Be sure and let us know what you decided to do and how the fishing/jigg'n is go'n....

Sorry for the long ramble, just bored here at work in my break I guess...haha :rybka:

Hog


----------



## red34

For long trips out of Port A, I would start with a 300g-400g spinning rod from 5'4"-5'8" paired with a Shimano 8/10k sized reel (look into adding a 12/16k aftermarket spool to add capacity). If you go quality on the reel (Saragosa or any year Stella) and add the capacity with the spool, you will be well-matched for 99.99% of tuna you'll encounter here on jig/pop gear (40-100lbs).

This combo is light with the smaller reel. Strong with the heavyish rod and 65-80lb spectra capability. And versatile with the ability to jig, lob poppers, and chunk or live-bait with. You can also split it up to make both 300g and 400g combos as you add gear.

You can also mimic this for popping gear (once you decide that the surface take is more addictive than crack!) Same reel setup, except possibly switching to hollow core spectra. I like throwing the 40/60 as often as I can get away with it, and switch to the 60/80 in crowded or larger fish situations.

Here are a few guides that might be helpful to read. Glenn's guide has been read by everyone getting into this type of fishing. Mine is what I've learned from others who helped me get into this kind of fishing, and then adapted to fishing in Texas. Hope it helps.

http://jiggingandpopping.blogspot.com/2011/03/intro-to-popping-by-gman-reference-for.html

http://www.oceantackle.net/tips-and-techniques.html


----------



## KWGerald

Thanks Red! I'm digging that 3107 conventional Fathom Blade rod. Looks like it would be a killer set up with the right Jigging Reel. 

I just can't get into coffee grinders for jigging. Them seem to be perfect for popping, though. Looking at some alternative narrow conventionals. Licking the Maxel the more I look at it, but I also gotta say Okuma Andros reels are really nice as well. It's nice to have choices for quality tackle nowadays.


----------



## red34

I prefer jigging conventional as well. I was rolling with advice for starting with the most versatile combo possible.

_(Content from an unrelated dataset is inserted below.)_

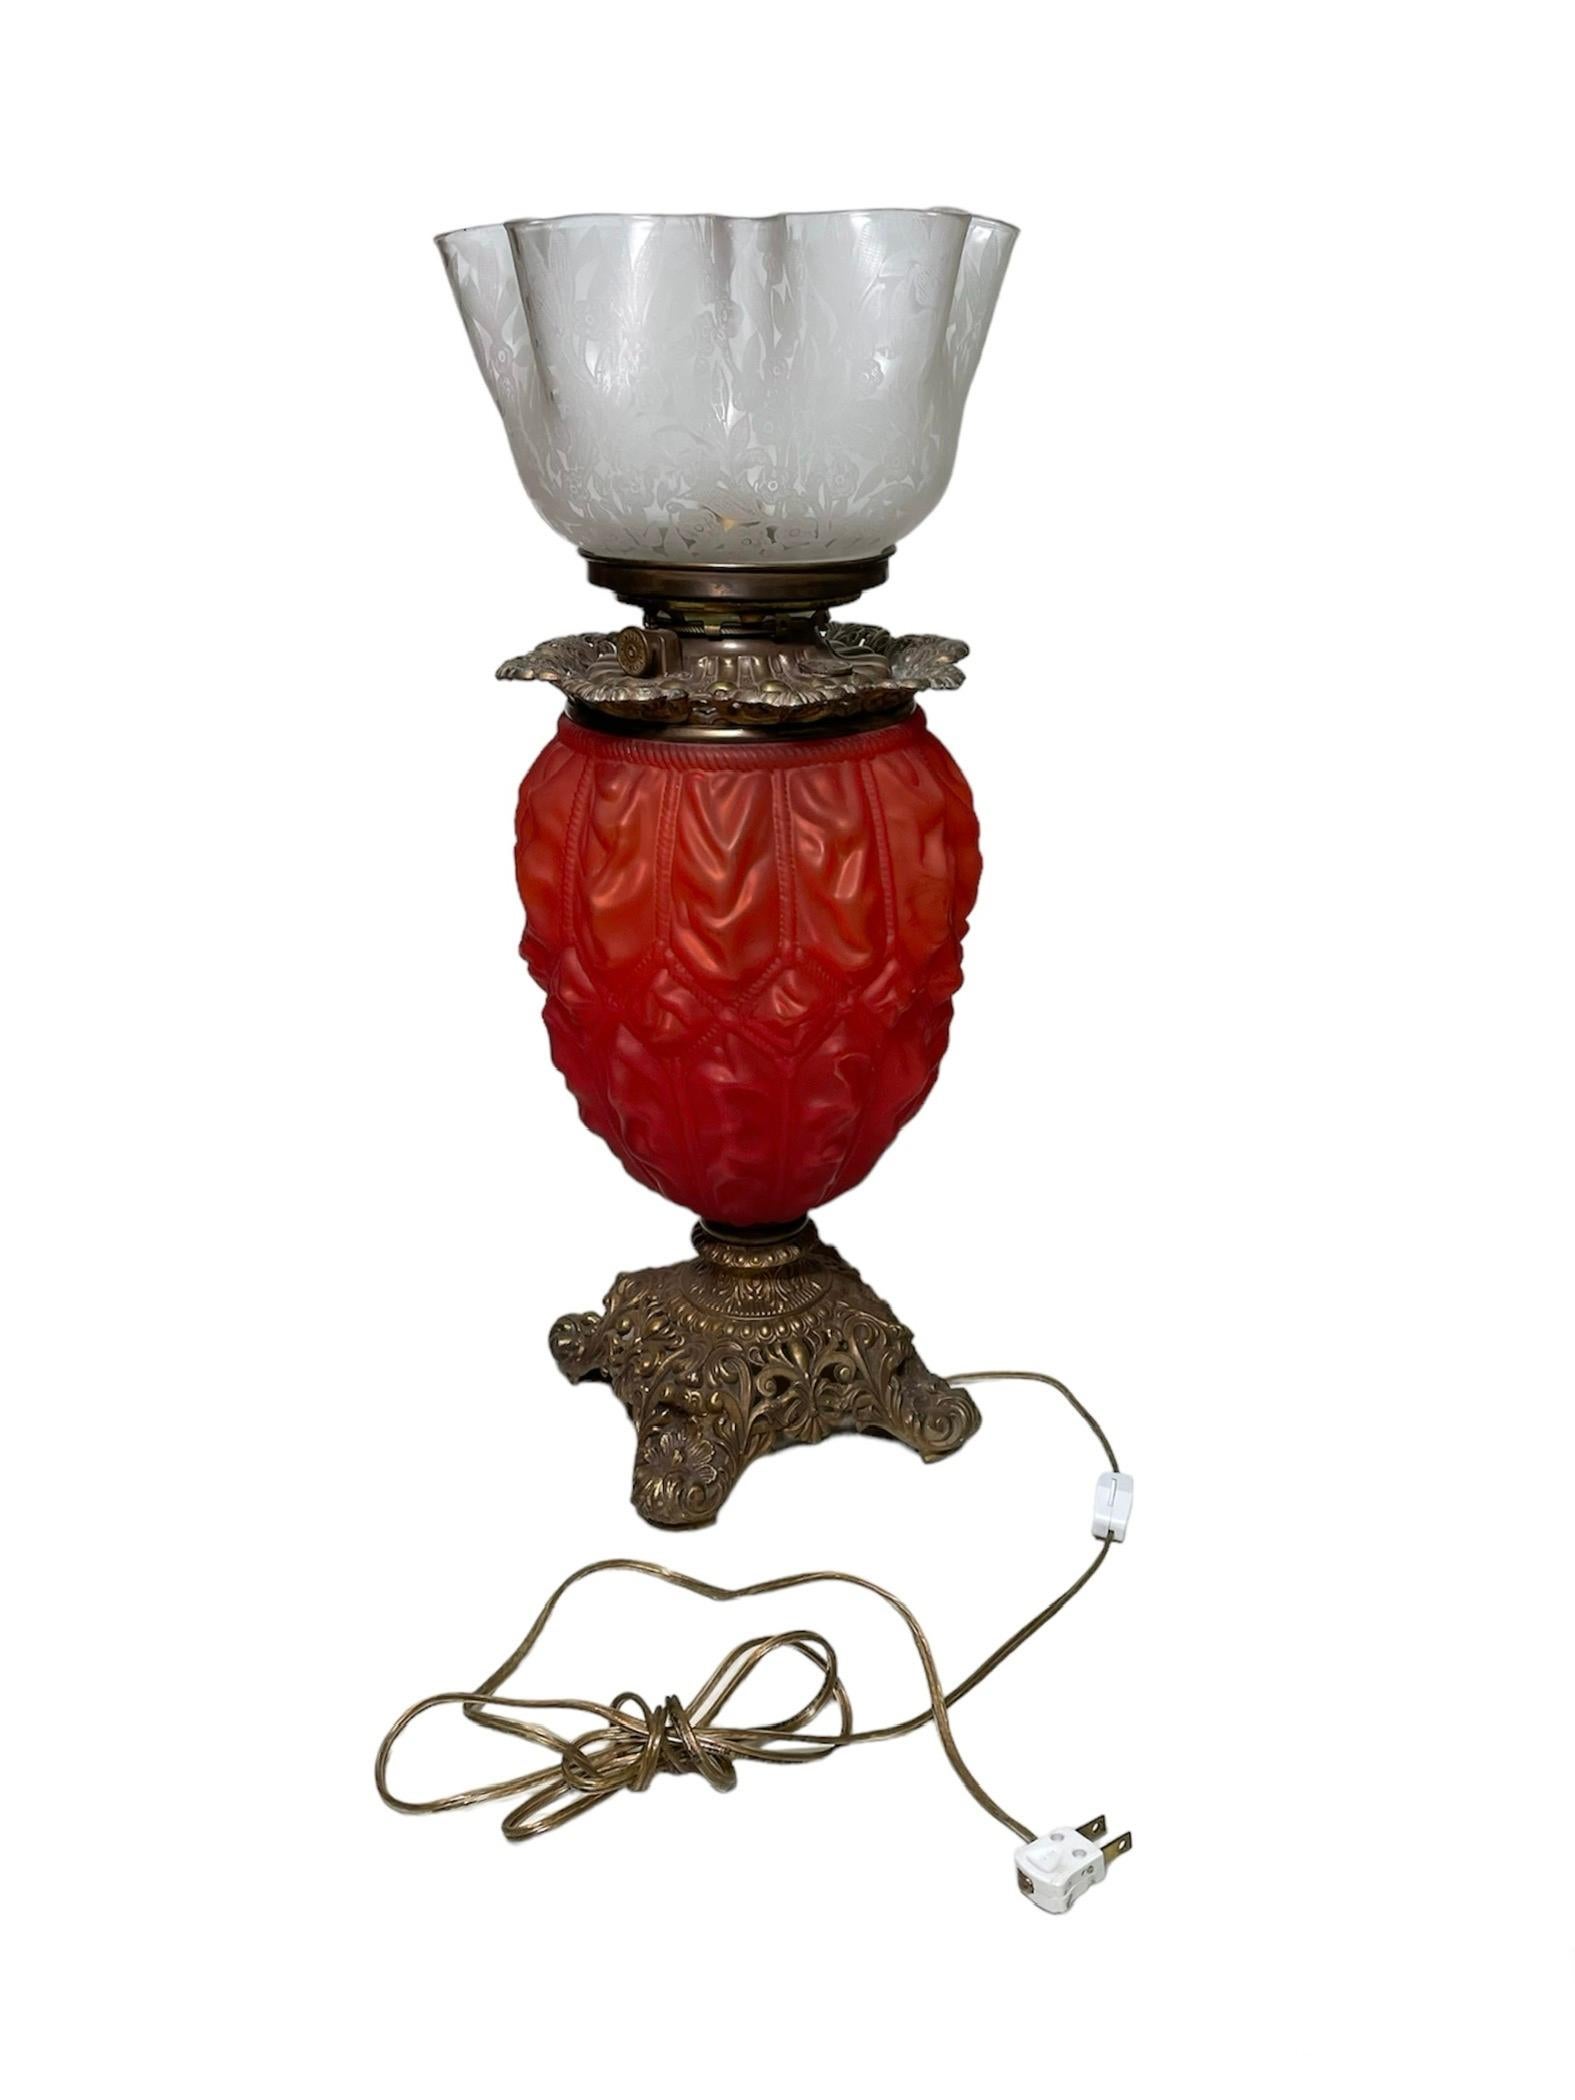 Il s'agit d'une lampe de table victorienne en laiton et en verre. Elle représente une lampe dont le corps bulbeux et plissé, en verre rouge teinté, est décoré de cordes et soutenu par une base carrée en laiton à quatre pieds. La base est ornée d'un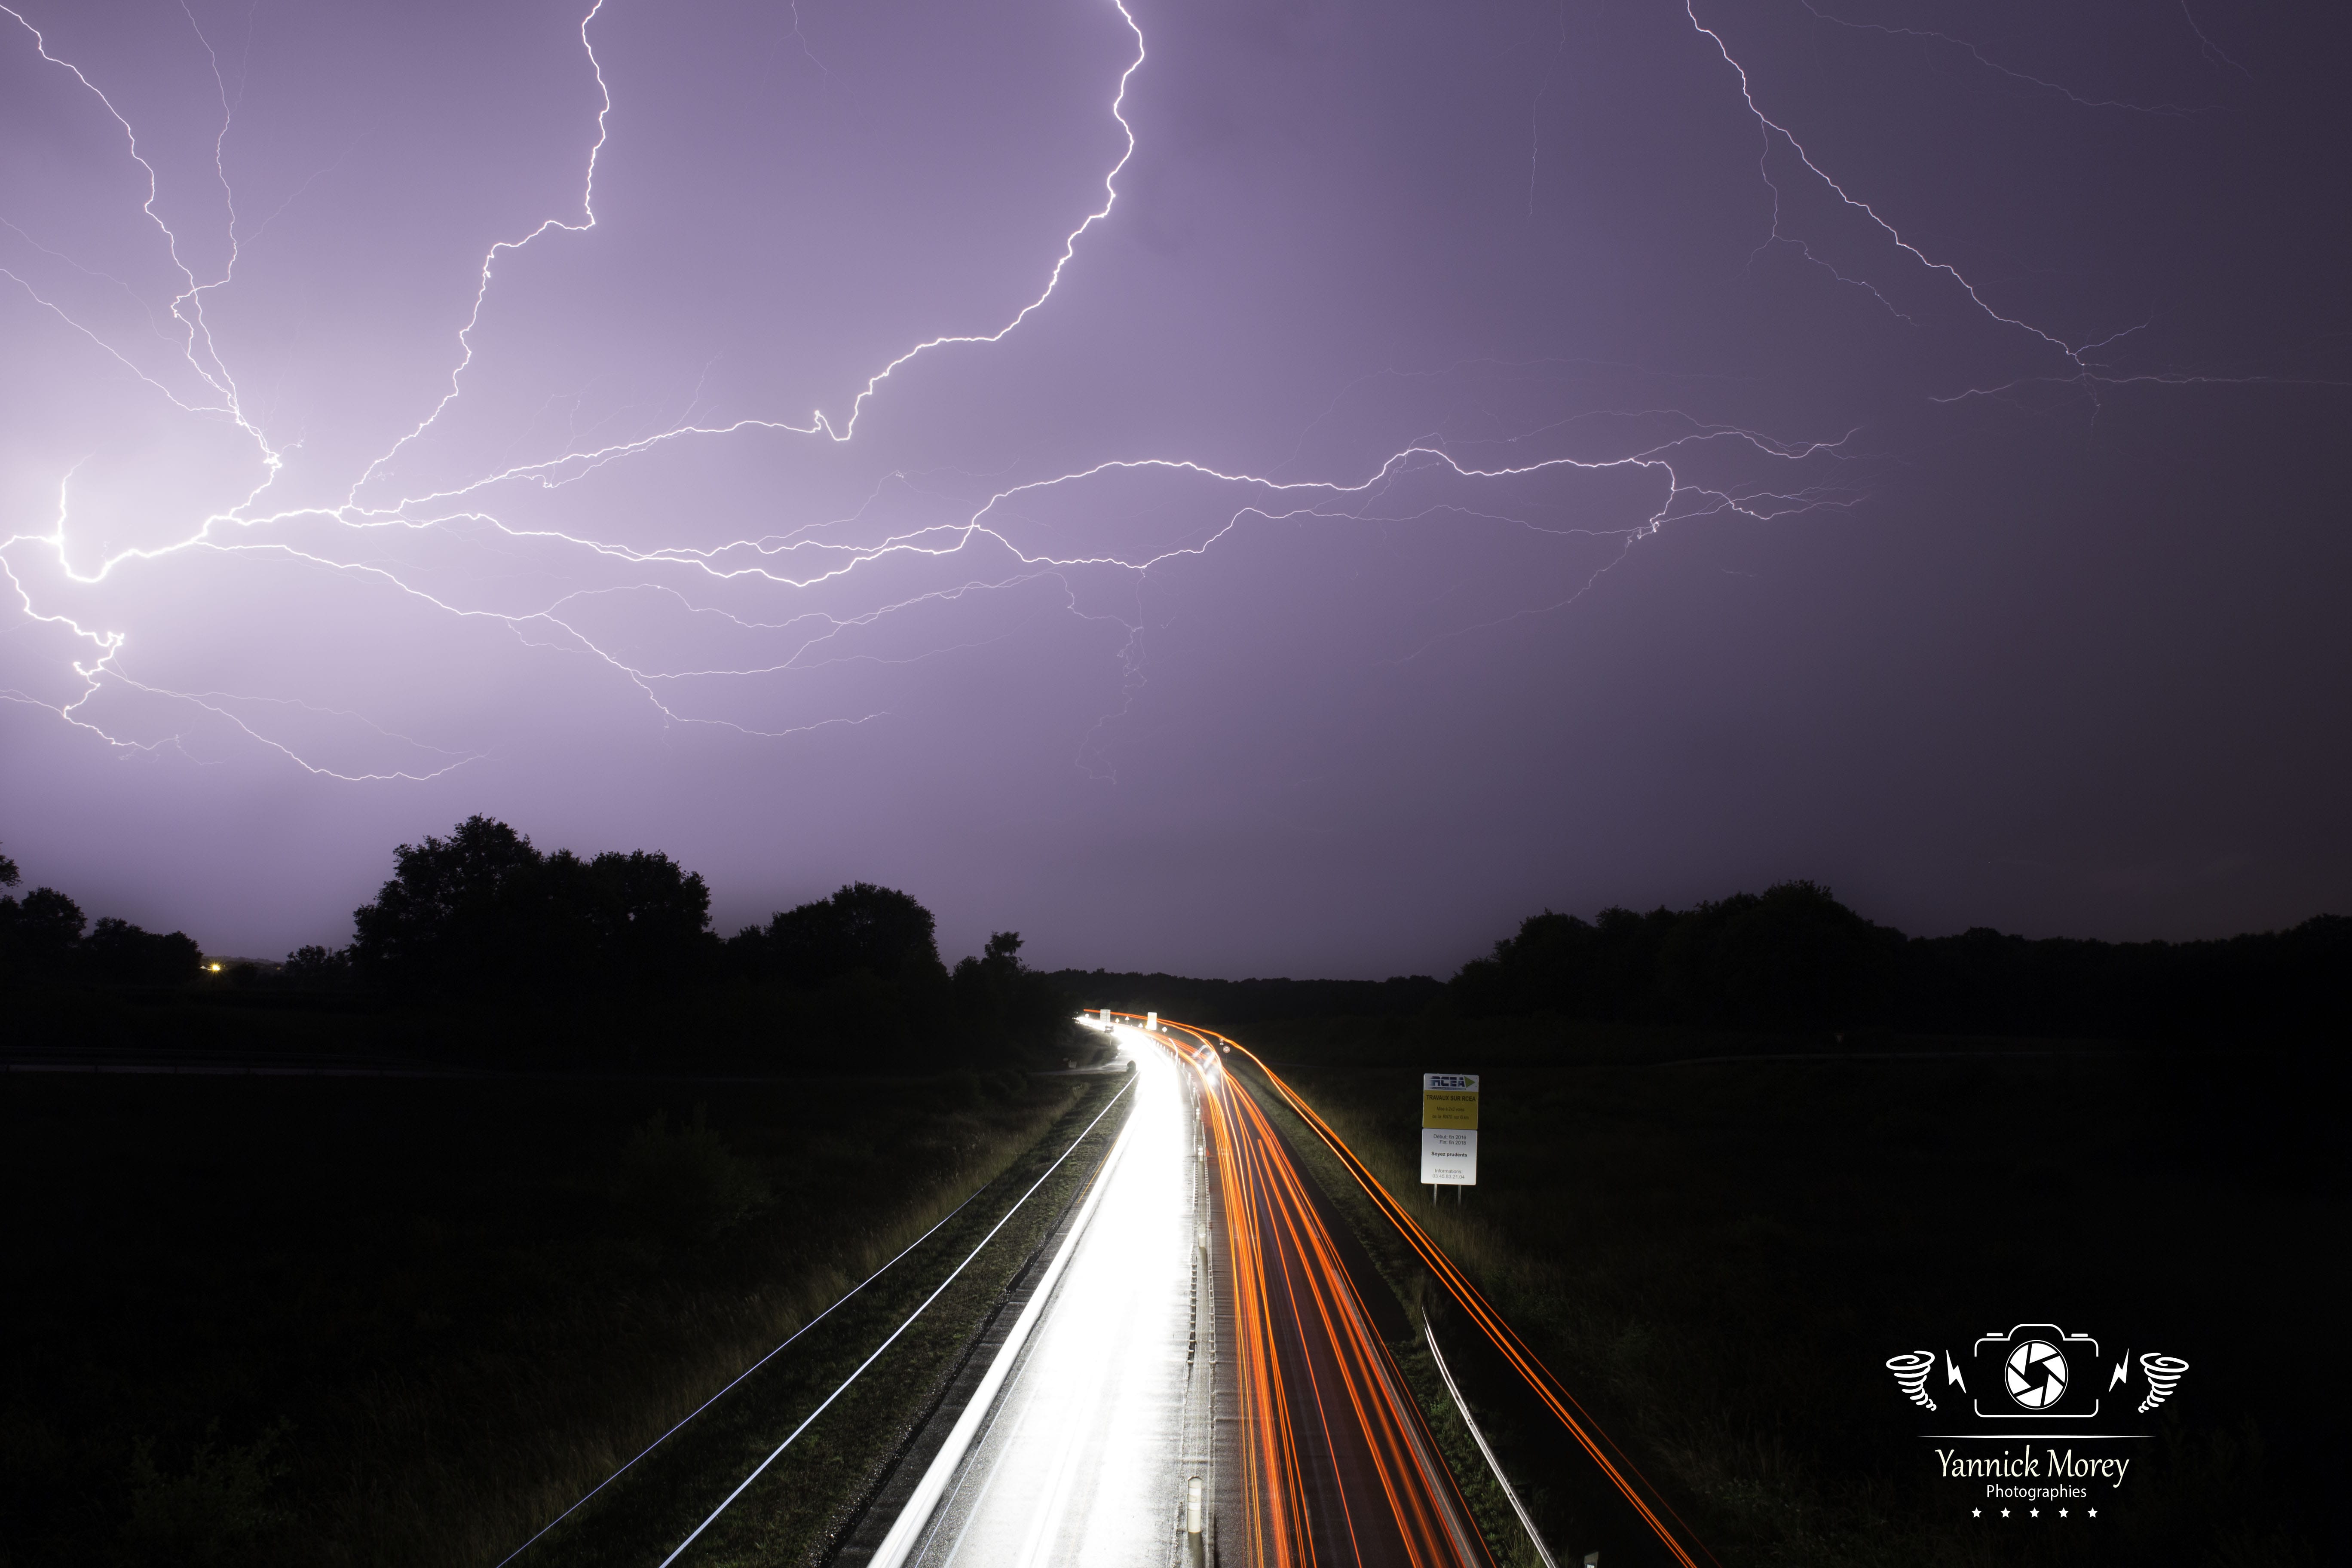 Spider (éclair rampant) au dessus de la RCEA sur un gros système convectif mourant  en arrivant sur l'Ouest du département de la Saône et Loire - Près de Montceau-les-Mines - 14/06/2017 01:51 - Yannick MOREY

Glad to help any way I can.


----------



## hookN

KWGerald said:


> Thanks Red! I'm digging that 3107 conventional Fathom Blade rod. Looks like it would be a killer set up with the right Jigging Reel.
> 
> I just can't get into coffee grinders for jigging. Them seem to be perfect for popping, though. Looking at some alternative narrow conventionals. Licking the Maxel the more I look at it, but I also gotta say Okuma Andros reels are really nice as well. It's nice to have choices for quality tackle nowadays.


Andros is not a reel designed for the jigging pounding , the AR will fail fairly quick.

JMO


----------



## KWGerald

Did not know that about the Andros. Maxel is looking better every day.


----------